# Learn.sched.plot_lr() - why LR increases with respect to the number of iterations?

Hello,

I have difficulties in understanding how `lr.find()` works and what `lr.sched.plot_lr()` is useful for and why the LR is decreasing with respect to the iterations number.

We have almost 23.000 training images.
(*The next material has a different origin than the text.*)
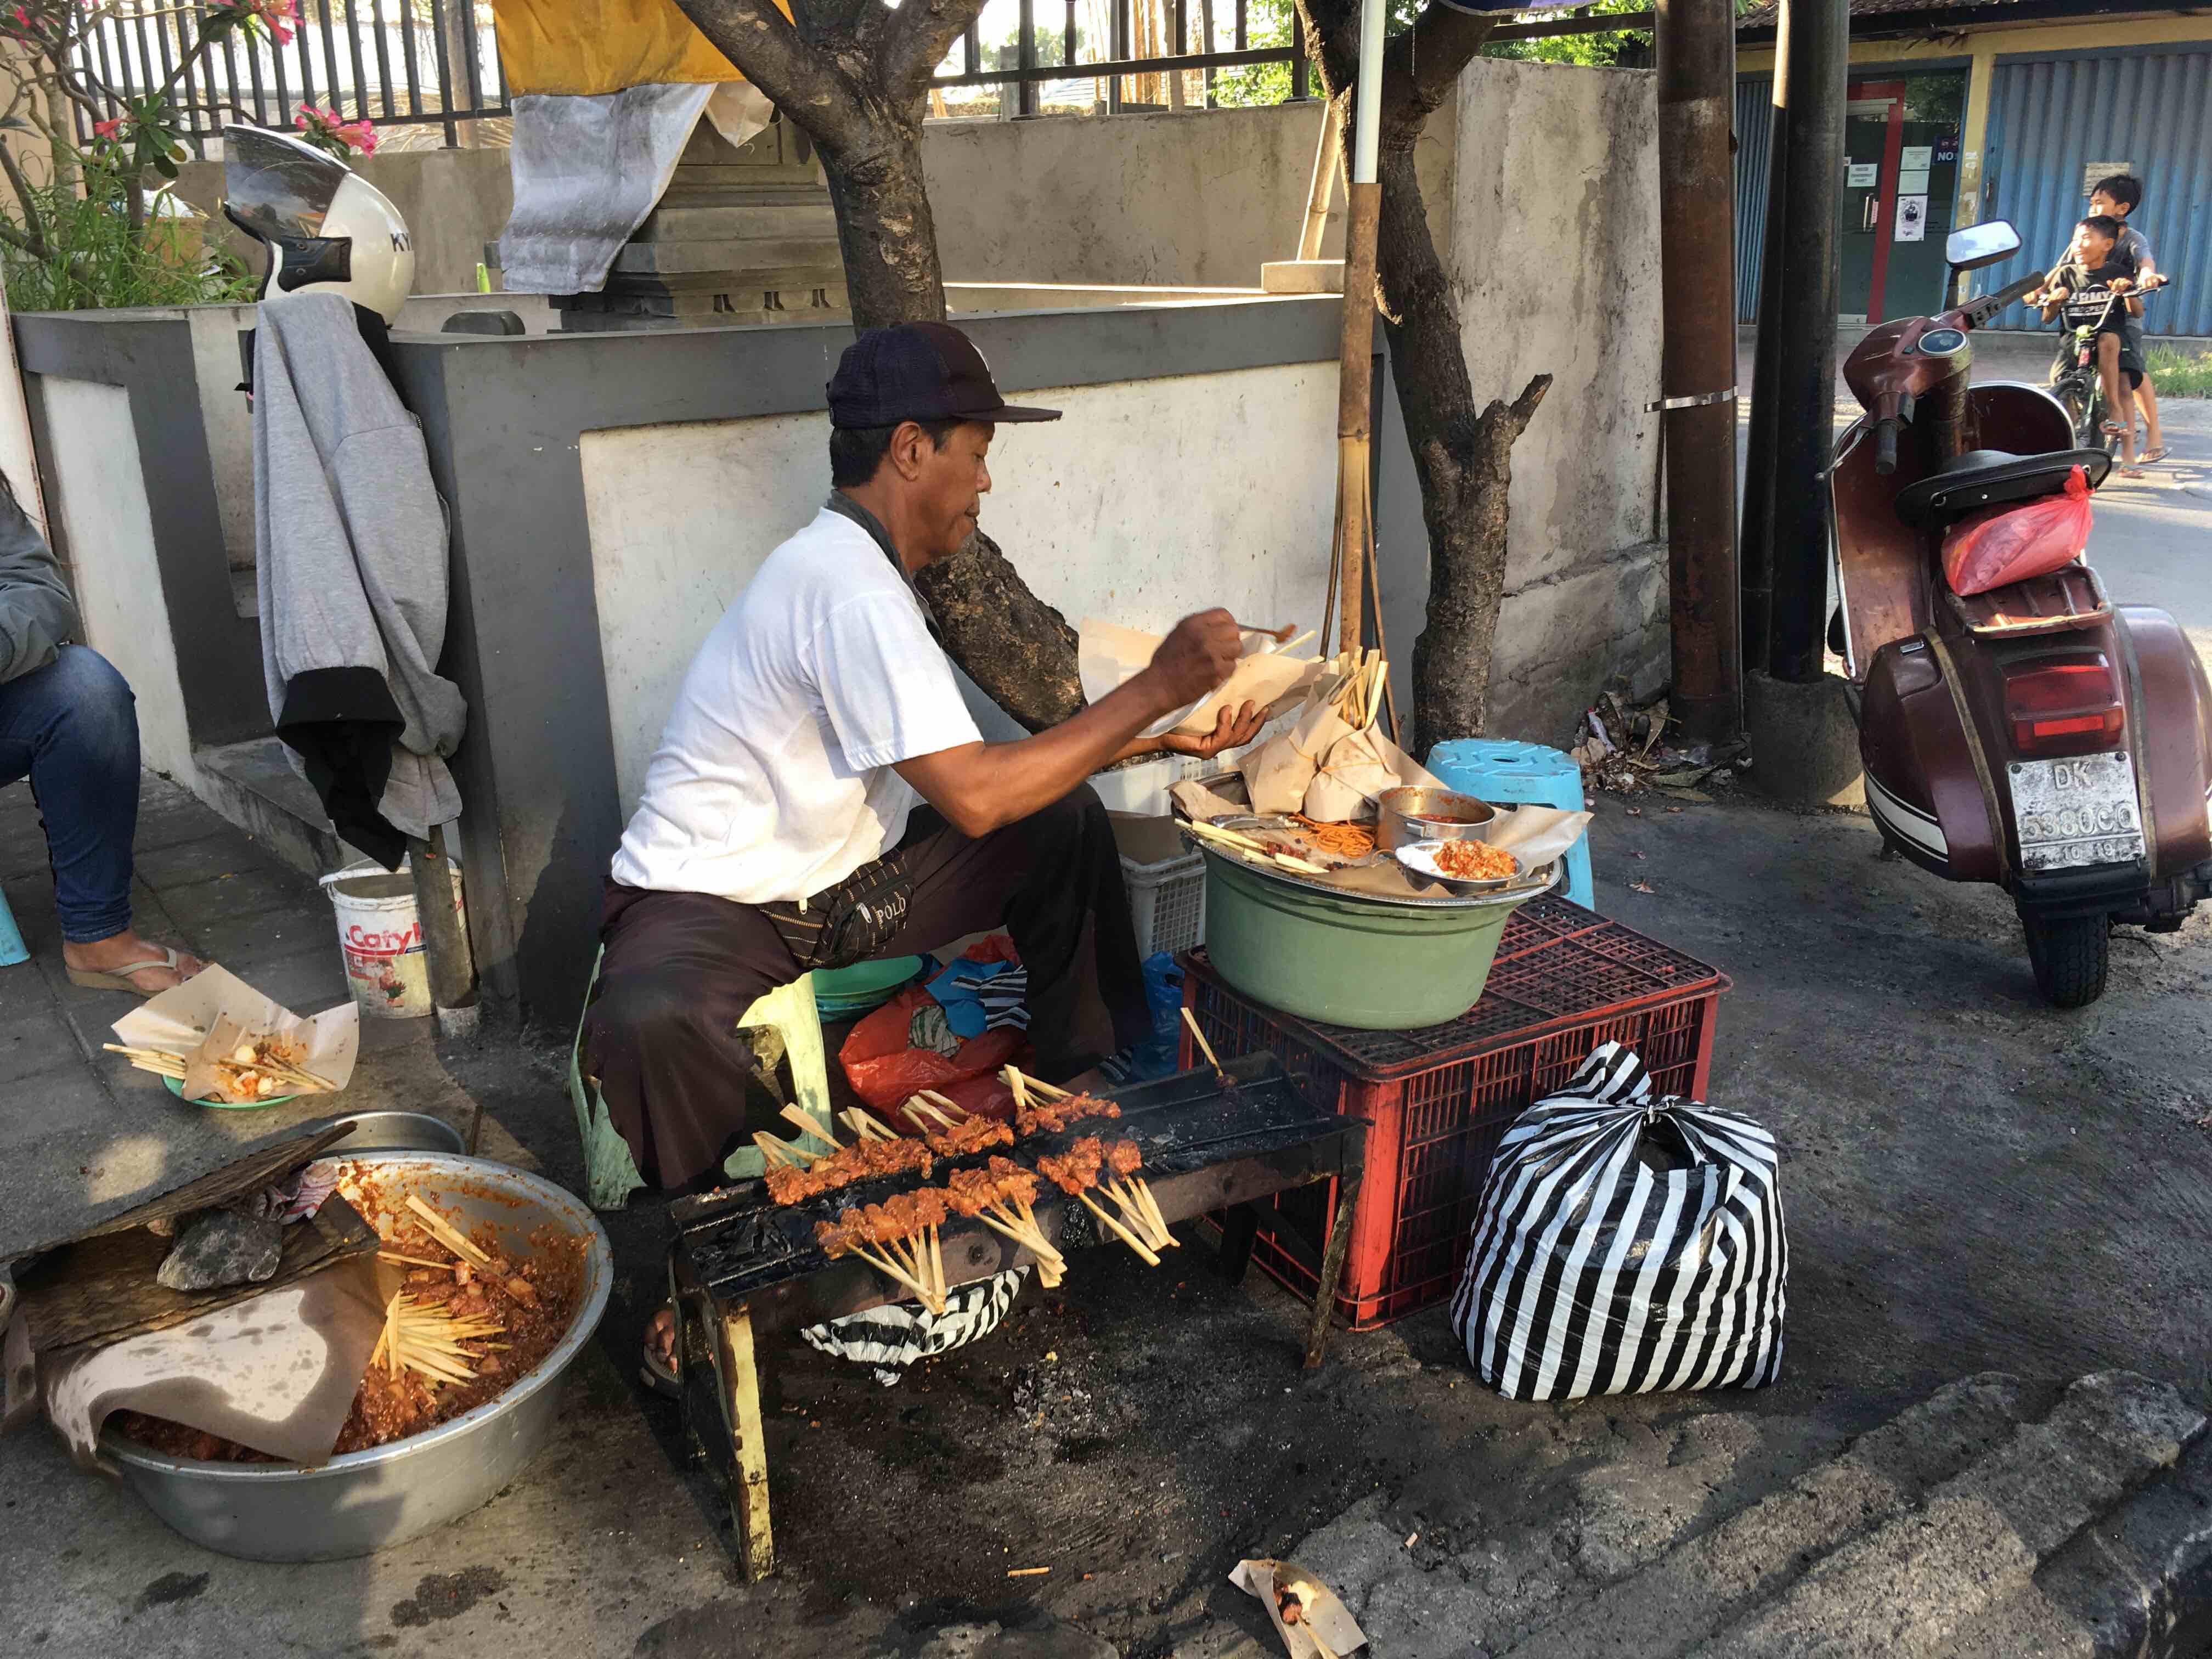 03-street food sate copy

The batch size is 64. So we have 23000/64 ~ 360 batches.
In order to train/find the best LR, we run the training process for each single batch.

When we call `lrf=learn.lr_find()` we have this type of answer

`A Jupyter Widget`

82%|████████▏ | 295/360 [00:01<00:00, 153.04it/s, loss=0.383]

The widget is telling that after 294 batches he found the minimum loss 0.383.

Calling this function `learn.sched.plot_lr()` we can actually see how the LR performs with respect to the iterations. And `x` goes only until 300, because the `lr_find()` stopped at 295.

Q1/ So, why `LR(iteration=100) << LR(iteration 295)` The purpose of this function `learn.sched.plot()` is very clear. We have tried different LRs, for each of them we computed the loss, and we plot the result in order to choose the LR where the loss is decreasing. Q2/ Why we can’t use the `lr_find()` for an already trained model learn.fit(0.01,1)?
We have a trained model, with the computed weights - which has an accuracy of 98%, and a training loss of 0.03 and a validation loss of 0.02.

Given this model after the first iteration it stops. Why it doesn’t try to find a better LR in order to obtain an even smaller loss?

``````learn.lr_find()
``````

Epoch
0% 0/1 [00:00<?, ?it/s]

0%| | 1/360 [00:00<01:27, 4.09it/s, loss=0.0318]

2 Likes

Ah - the key issue I think is a (very understandable!) misunderstanding here. 0.383 is not the minimum loss. It’s the final loss after completing the `lr_find` process, which is much worse that the minimum loss. Based on the `sched.plot()` chart you showed, it appears the minimum loss was around 0.1. This happened at LR around 1e-1 (which is 0.1). Although it’s looking quite flat here, so I’d pick 1e-2 for my LR, since it’s definitely decreasing nicely there.

The learning rate increases by a constant ratio every batch. That’s how the LR finder works - keep increasing the learning rate, and see when it stops improving.

You can - but if the model is already about as good as it can be, it’ll just show that there’s no LR that improves the model! In this case, we’ll need to `unfreeze()` more layers (which we’ll discuss on Monday).

Does that clear things up a bit?

6 Likes

Thanks a lot, now it’s crystal clear!